Sewajarnya anak sekolah, tentu kita semua pernah melakukan kenakalan remaja pada umumnya. Menjalani kehidupan remaja yang penuh dengan canda tawa, dengan sedikit bumbu "nakal" seperti merokok, berkelahi, atau bahkan bolos sekolah.
Aku yang mempunyai idiologi tentang hidup normal, damai tanpa ada bumbu kenakalan perlahan berubah ketika bertemu dengan "mereka".
Dan kisah ini dimulai ketika aku masih SMP. Tempat kelahiranku adalah sebuah desa kecil yang cukup jauh dari perkotaan, hidup di keluarga yang berkecukupan membuatku menjalani keseharian dengan normal dan harmonis. Hingga suatu ketika aku memutuskan untuk bersekolah di kota terdekat dari desaku.
"Yohan, sarapannya sudah siap" Ucap ibuku dengan lembut.
"Iya bu"
Keluargaku terdiri dari Ayah, Ibu, adik perempuan dan diriku. Jarak dari rumah menuju sekolah cukup memakan waktu, dan selalu aku tempuh menggunakan kereta antar kota.
"Aku berangkat" Sembari mengeluarkan sepeda fixie berwarna hitam dari garasi samping rumah.
Dari rumah aku berangkat menggunakan sepeda menuju stasiun lalu disambung naik kereta untuk sampai ke sekolah.
Sesampainya di stasiun pemberhentian kota akhir, aku berjalan menuju sekolah. Jarak dari stasiun sampai sekolah sangat dekat, dan tentu saja banyak anak sekolah yang menggunakan kereta antar kota.
Hari ini merupakan hari pertama masuk sekolah, kegiatan akan diawali dengan upacara penyambutan dan dilanjut homeroom bersama wali kelas masing-masing.
Suara hiruk-pikuk menggema di sepanjang lorong kelas, anak-anak yang berlarian di lorong sembari bercanda tawa. Para gadis yang terus bergosip dan terkadang ada beberapa guru yang menegur anak-anak yang berlarian.

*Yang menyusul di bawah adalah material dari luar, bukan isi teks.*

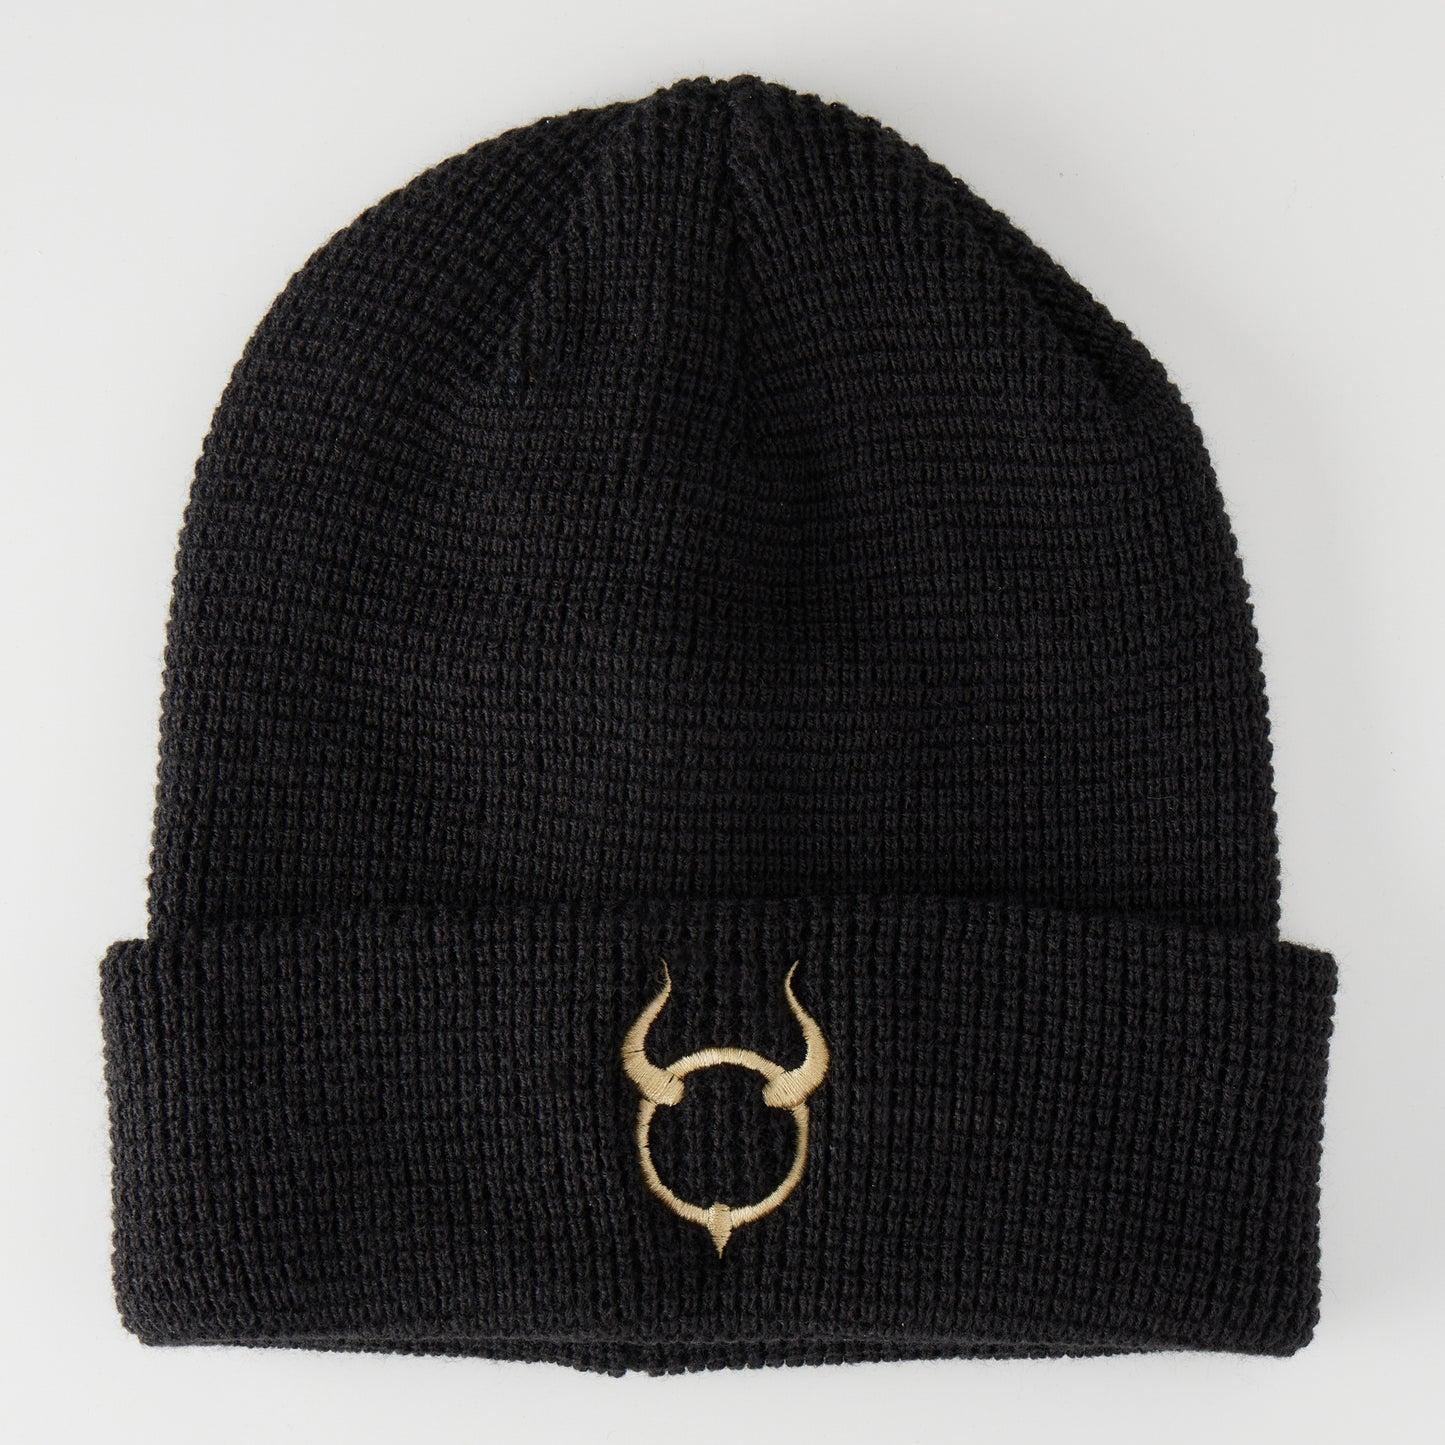 Port Authority® Thermal Knit Cuffed Beanie (Black)
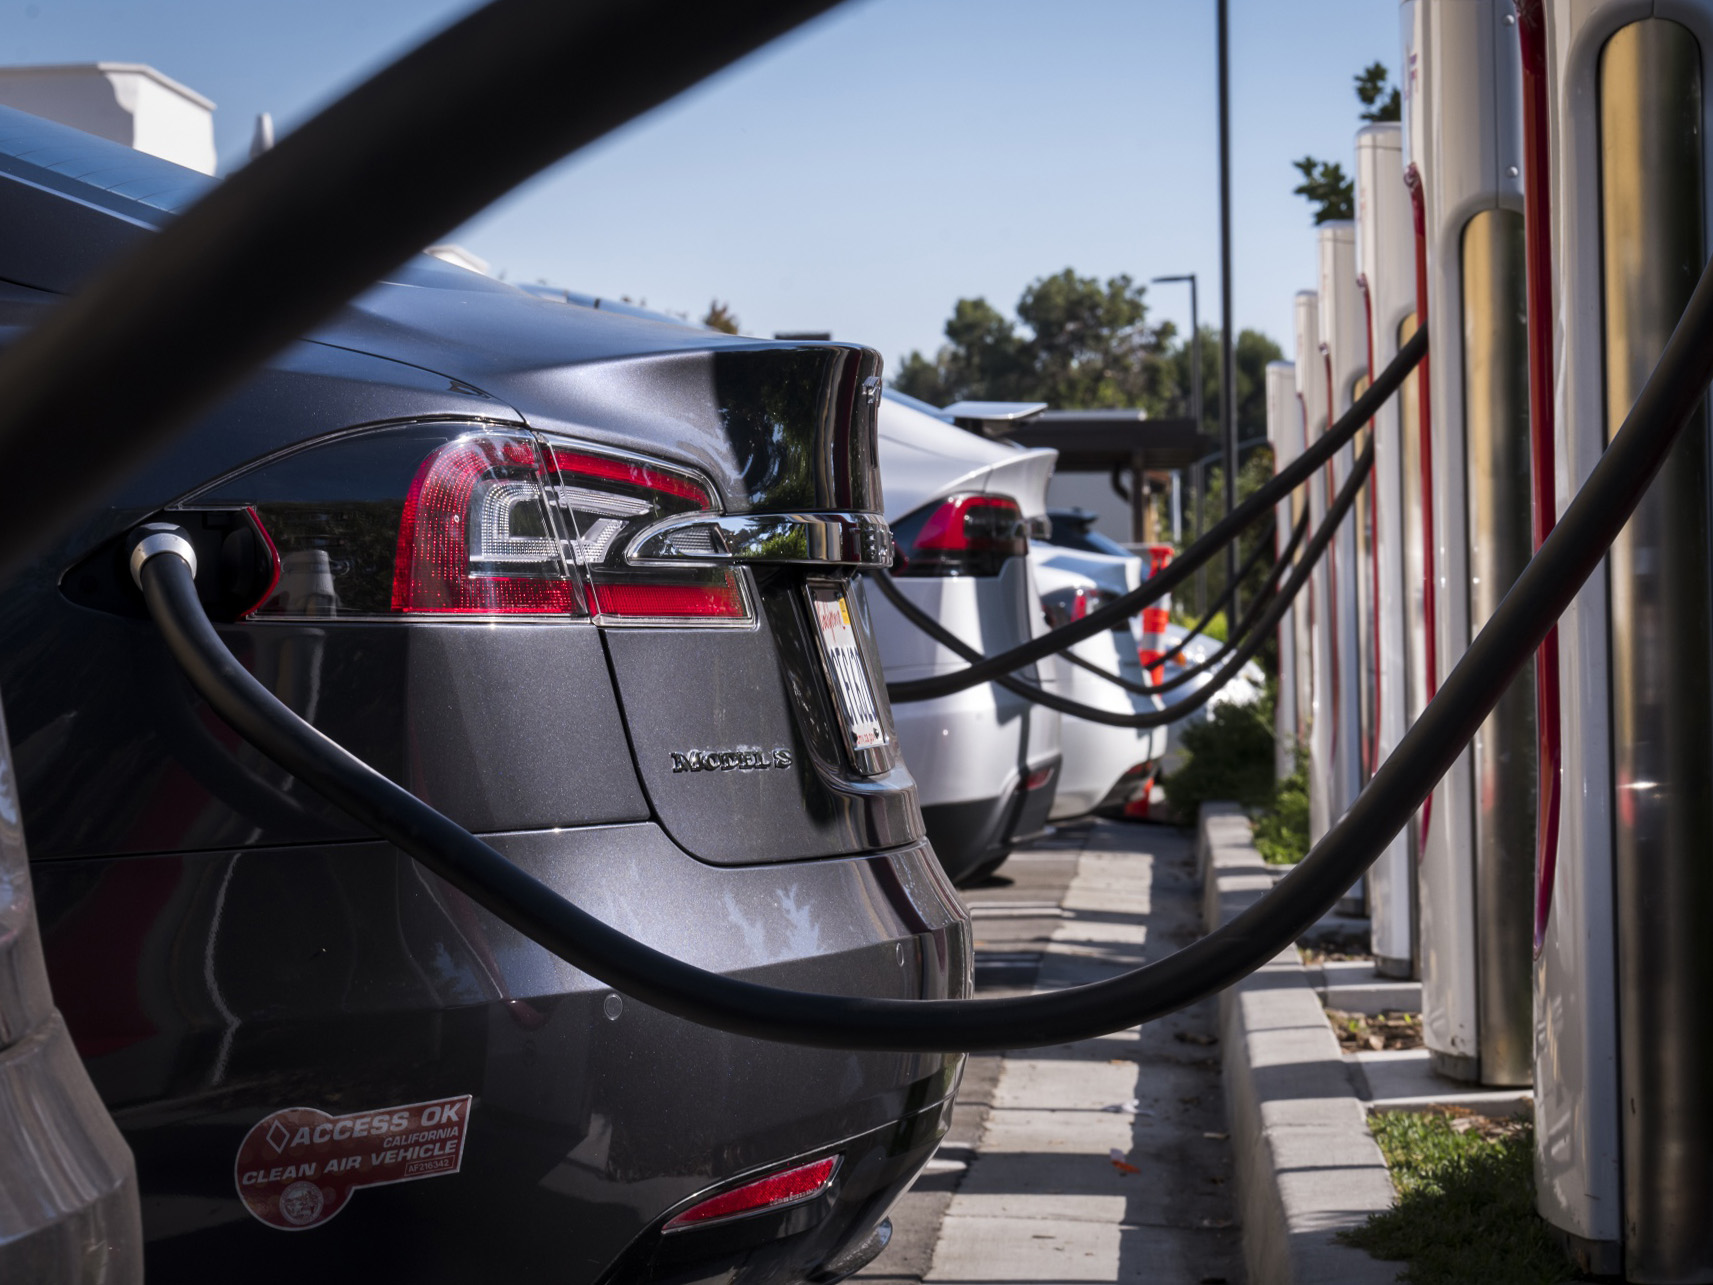 Demand for electric cars is booming, with sales expected to leap

Kita semua berkumpul untuk upacara penyambutan di indoor sekolah. Cahaya matahari masuk dari celah-celah jendela indoor, bau parfum para murid yang bercampur, dan hanya terdengar satu suara orang yang sedang berpidato, kepala sekolah.
"Terimakasih atas waktunya, dan tetap semangat jiwa muda!"
Penutupan yang cukup bergairah walaupun cukup menggelikan jika didengar langsung.
Setelah pembagian kelas, aku memasuki kelas 7-E. Harapanku tidak ada pembully atau semacamnya, aku hanya ingin bersekolah dengan normal sepanjang masa sekolah.
"Semoga hari ini dan seterusnya normal lancar aman" ucap lirih dalam hati.
"Bangsat ya!"
Seketika tuhan menolak permohonanku, perkelahian dimulai tepat di depanku. Entah apa yang mereka ributkan, sepertinya hal sepele.
"Sudah kubilang kalau gadis itu pacarku! Menjauh darinya"
"Hah!? Mana aku tau bodoh! Kamu pikir aku peduli soal itu hah!"
Sebagai seorang dengan idiologi hidup normal dan cinta damai tentu saja dengan tidak terlibat masalah adalah salah satu dari isi idiologiku. Tanpa memperdulikan mereka, aku berdiri dan pergi keluar kelas.
Dan lagi, tuhan langsung menolak idiologiku.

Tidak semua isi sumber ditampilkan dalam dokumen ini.